Spaziani Trying To Get The Right Mentality Back To BC

November 22, 2012

By Greg Joyce, Sports Editor

Yesterday, fifth-year captain Emmett Cleary said that much of the Boston College football team’s struggles over the past two seasons could be attributed to a lack of seniors and fifth-years. Multiple players from Cleary’s class have left, either for personal or academic reasons.

Today, head coach Frank Spaziani tried to put into words the effect that the attrition has had on the Eagles and their downfall in recent years.

“It was something that you would rather not have happen,” Spaziani said about the players leaving. “You would rather have those guys being fifth-year seniors or seniors now. That would be more of a strength, but it just wasn’t. You worry about who’s here rather than who’s not here.”

Spaziani has been a coach on the Heights for 16 years, but he said it wasn’t always the case that this many players left BC.

“There weren’t many people leaving,” Spaziani said. “In the first 8 to 10 years I was here, there weren’t many people transferring out, I don’t remember any. And then did we lose somebody academically? I don’t remember any of those.”

The perfect example of the kind of player that made BC what it was during its successful years a few years ago is BJ Raji, Spaziani said. The night before Raji was set to begin his fourth year on the football team at BC, he was declared academically ineligible for the season.

“He could have just went, ‘I’m going to the NFL,’” Spaziani said. “But he went, ‘Okay.
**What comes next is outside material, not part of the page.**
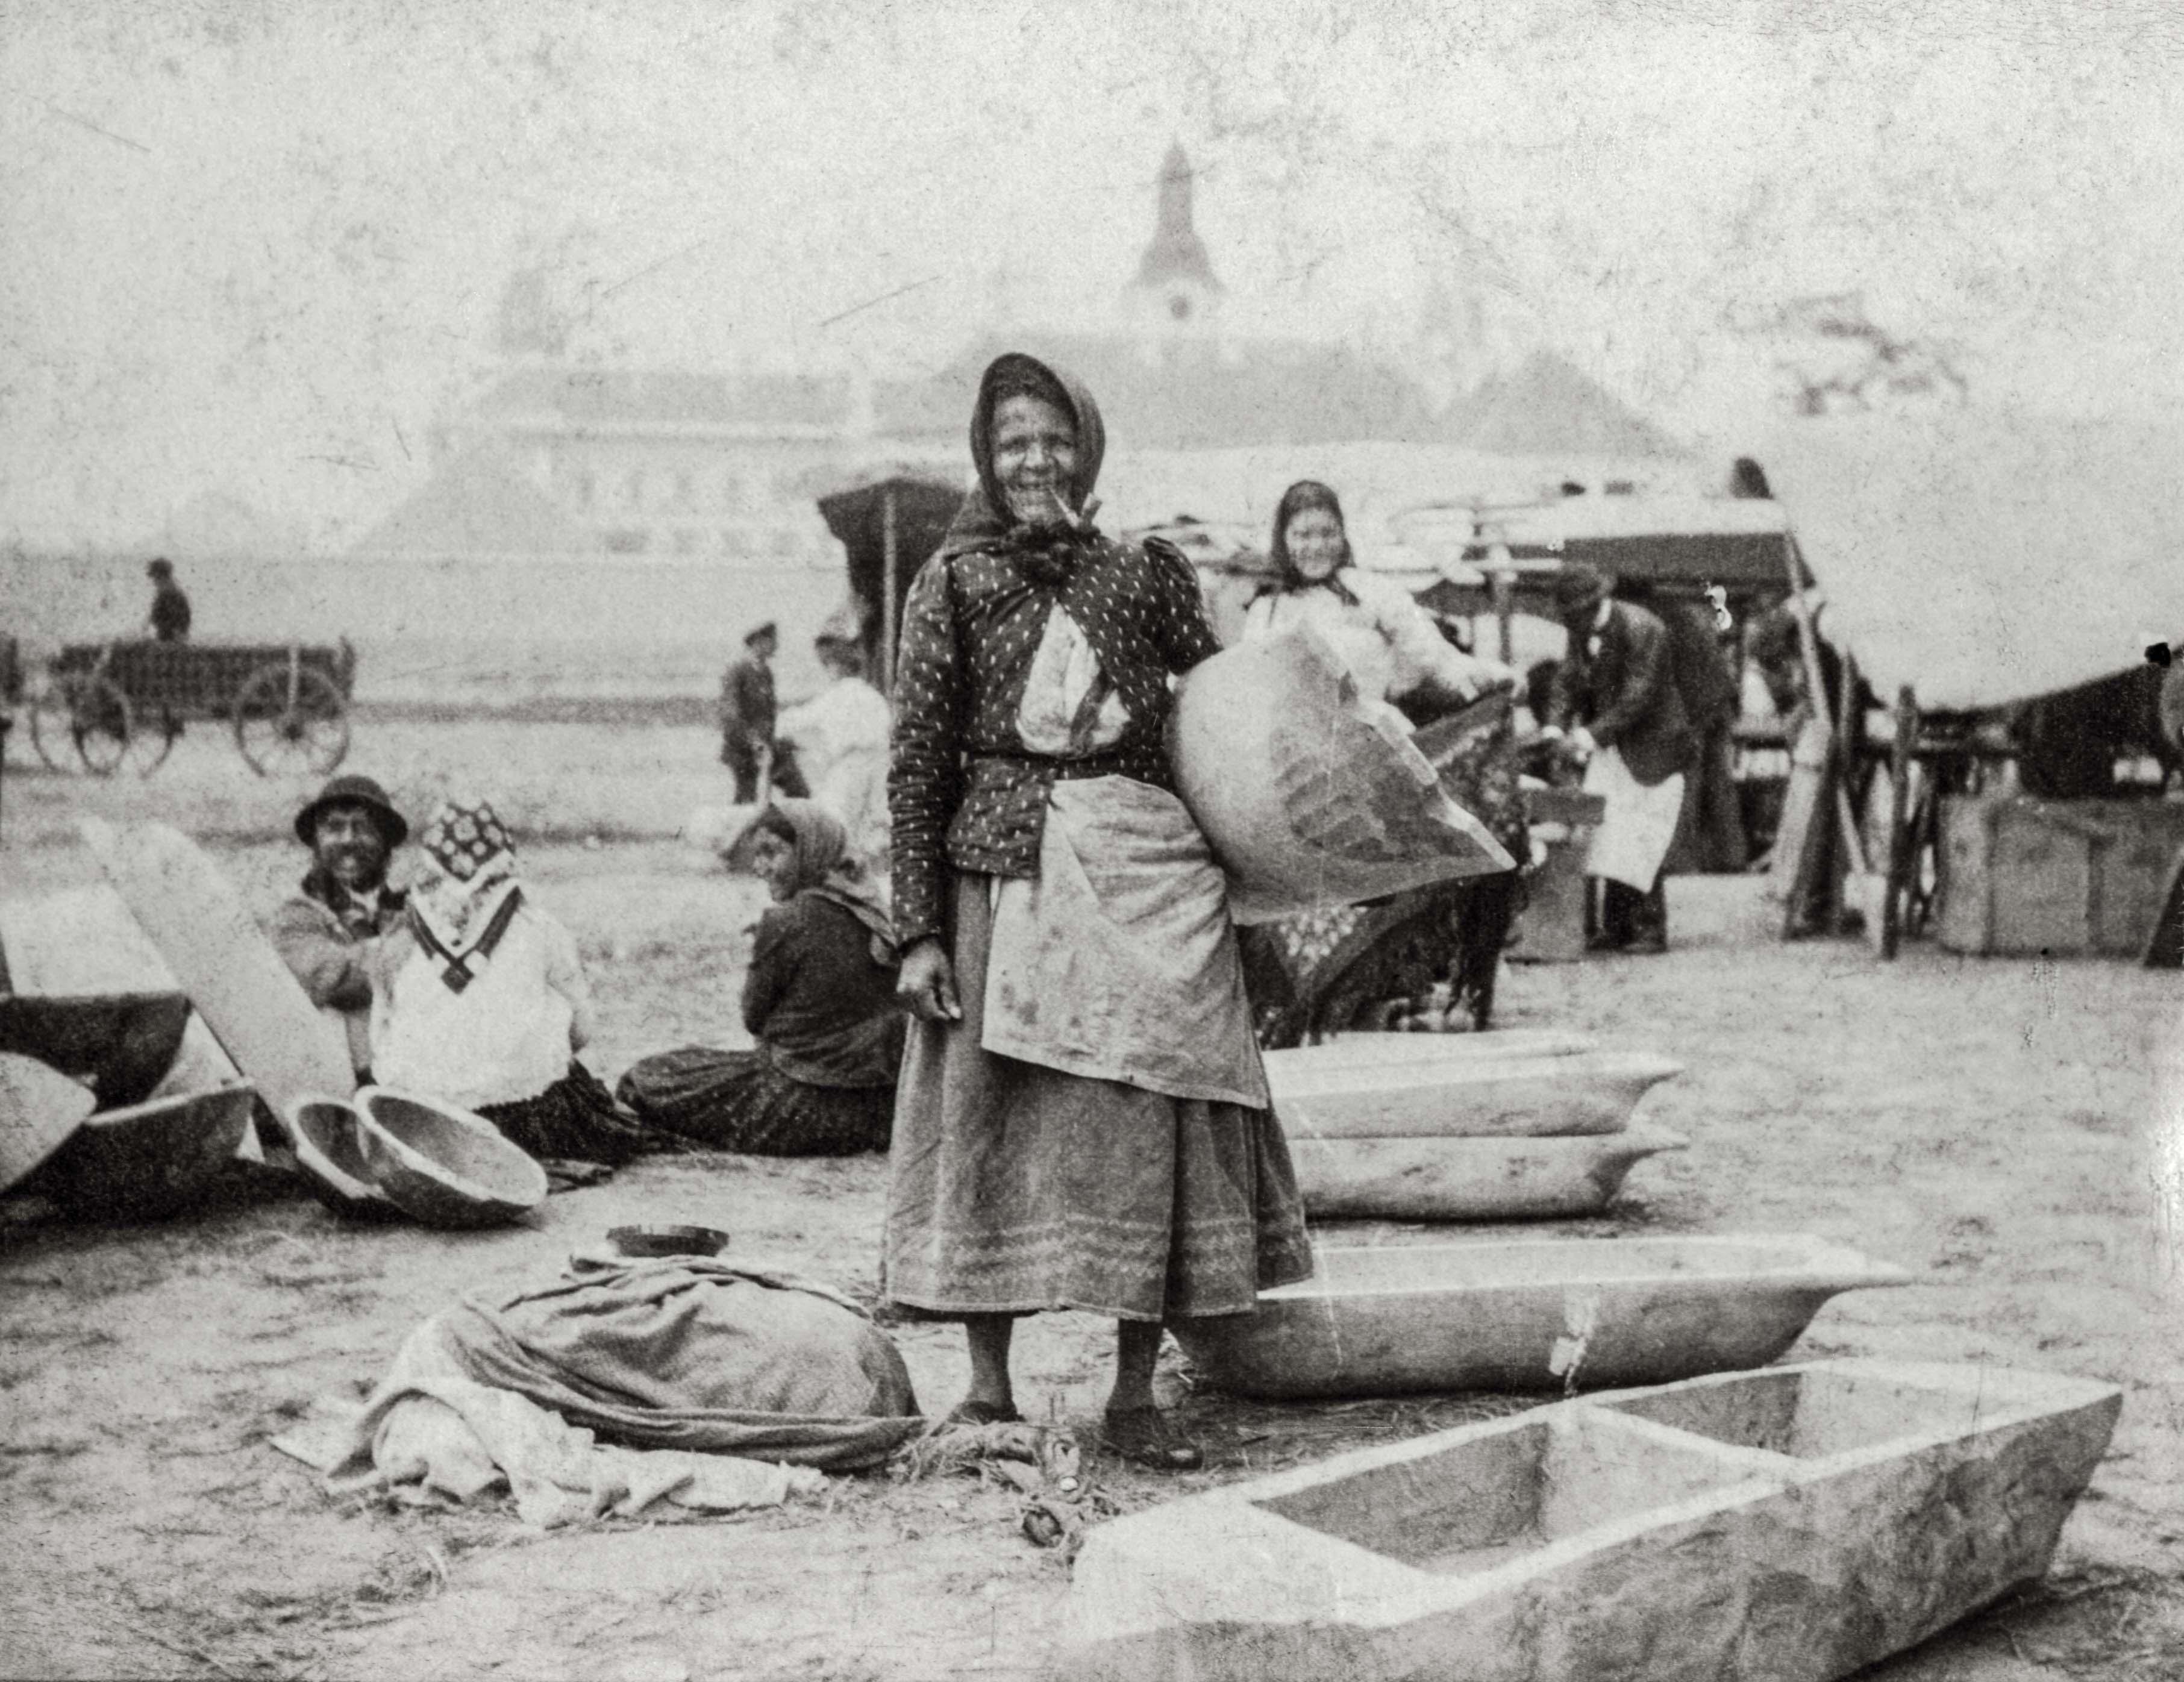 Teknőárusító cigányok<br />Zombor, 1907 előtt, F 8500<br /><br />Fotó: Alföldy Flóra © Néprajzi Múzeum<br />

I’m going to class, I’m going to scout team, and I’ll play next year. That was the quote ‘attitude.’ That’s what we need.”

Asked if that “attitude” has changed or if it is not present among the current group of players, Spaziani backtracked a little.

“Attitude wasn’t the right word,” Spaziani said. “It’s just what the place represented and why you came here and all of those things. The guys, even though maybe it wasn’t working out for them—because it doesn’t work out for everyone. You recruit 20 guys, you don’t have 20 starters in four years. It doesn’t work out that way. But they liked it here. They came here for the education, the community, and that blend. It was worth it to stay here for them. And then it got changed. “

Why did that mindset get changed? Spaziani paused for some time, then chose his words carefully.

“Recruiting…three coaches in four years,” he said. “Different stuff.”

Despite the change, Spaziani said he thinks it’s moving back to BC getting the right players—the ones who want to be in Chestnut Hill for the right reasons.

“I think so,” Spaziani said. “You’ve got a constant. Whats been the constant?”

Pointing to himself, Spaziani answered his own question.